India's Tiger Population Soars From 1,827 to Over 3,000
A young filmmaker's chance meeting with a tigress in 1973 helped launch India's Project Tiger, bringing the country back from near extinction with just 1,827 wild tigers to over 3,000 today. What started as one man's escape from city life became a conservation movement that saved an entire ecosystem.
Valmik Thapar arrived in Ranthambore in the early 1970s just looking for a break from Delhi. He was a filmmaker, not a conservationist, but when he encountered a tigress named Padmini moving through the dry grass, something shifted.
That moment anchored him to a place, and a cause, that would define his life. Padmini became the matriarch of Ranthambore's tiger lineage, raising cubs who would secure the park's future, including the legendary Machli, who later became India's most famous tigress.
But in 1973, India's tiger population had dropped to just 1,827. Centuries of hunting by colonial officers and royalty had turned the species into sport, and efficient firearms made killing easy. The country was on the verge of losing its most powerful symbol.
That year, India launched Project Tiger under conservationist Kailash Sankhala. The programme started with nine reserves and a radical new approach: protect entire ecosystems by focusing on one species. If tigers thrived, everything around them would too.
The recovery wasn't smooth. By 2006, numbers fell again to 1,411, exposing gaps in monitoring and revealing organized poaching networks. That crisis became a turning point.

Conservation teams adopted camera traps to identify individual tigers by their stripe patterns. Independent verification replaced inflated estimates, and the National Tiger Conservation Authority was established to strengthen oversight and accountability.
The Ripple Effect
Today, India is home to over 3,000 wild tigers across 58 reserves, nearly 75 percent of the world's wild population. But the real story is what happened to the forests around them.

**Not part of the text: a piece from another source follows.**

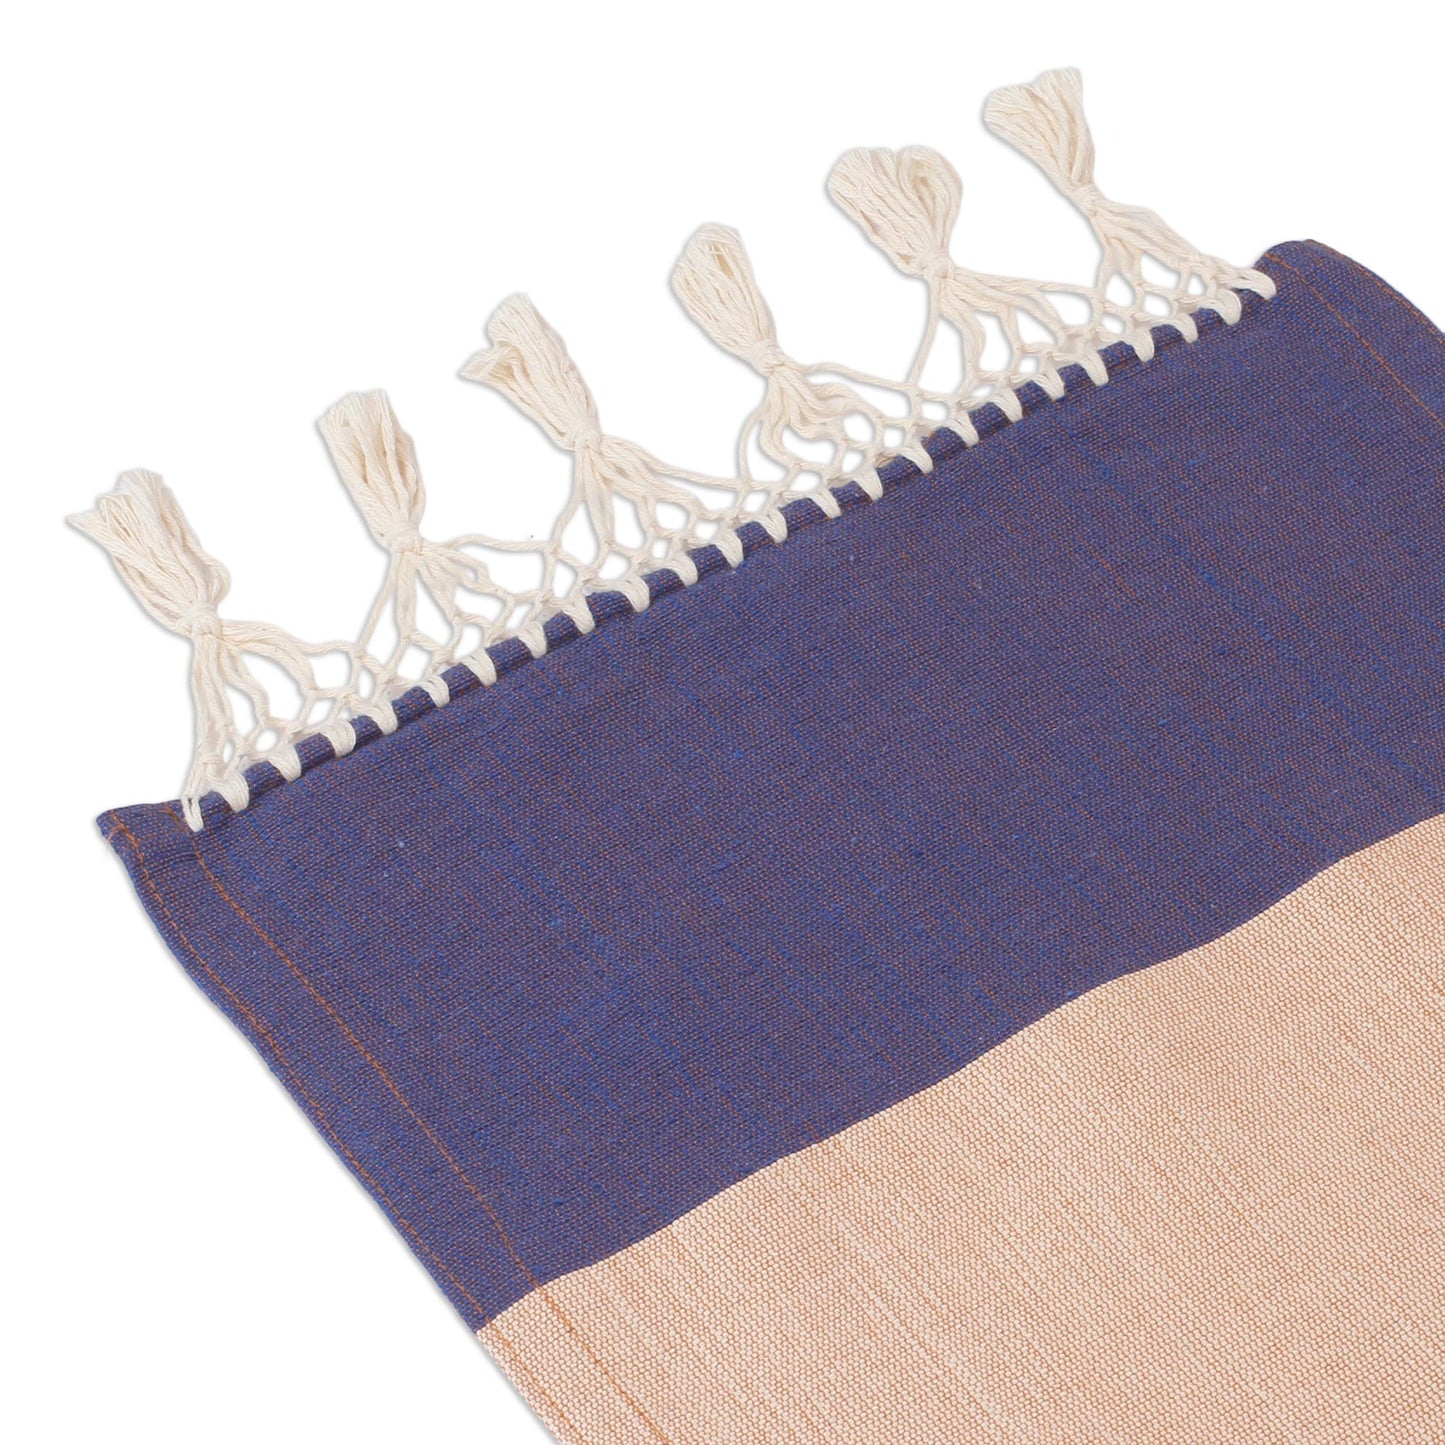 Blue-Violet Beach Cotton and Silk Blend Table Runner Blue-Violet and Beige

When tigers are protected, they need large territories, clean water, and healthy prey populations. So grasslands regenerate, rivers stabilize, and deer and wild boar populations increase. Birds, reptiles, and smaller mammals follow, creating balanced ecosystems that support entire regions.
Behind this success are forest guards who patrol difficult terrain daily, often facing poacher threats. Local communities have adjusted their lives to coexist with wildlife, making sacrifices that rarely make headlines.
And there were storytellers like Thapar, who passed away last year, ensuring these efforts stayed visible. His documentaries and advocacy kept attention on Ranthambore and tigers across India for decades.
Project Tiger turned 53 on April 1, 2026. A new tiger census for 2025 to 2026 is currently underway, and it will reveal whether this momentum continues.
From one filmmaker and one tigress to a nationwide movement that brought forests back to life.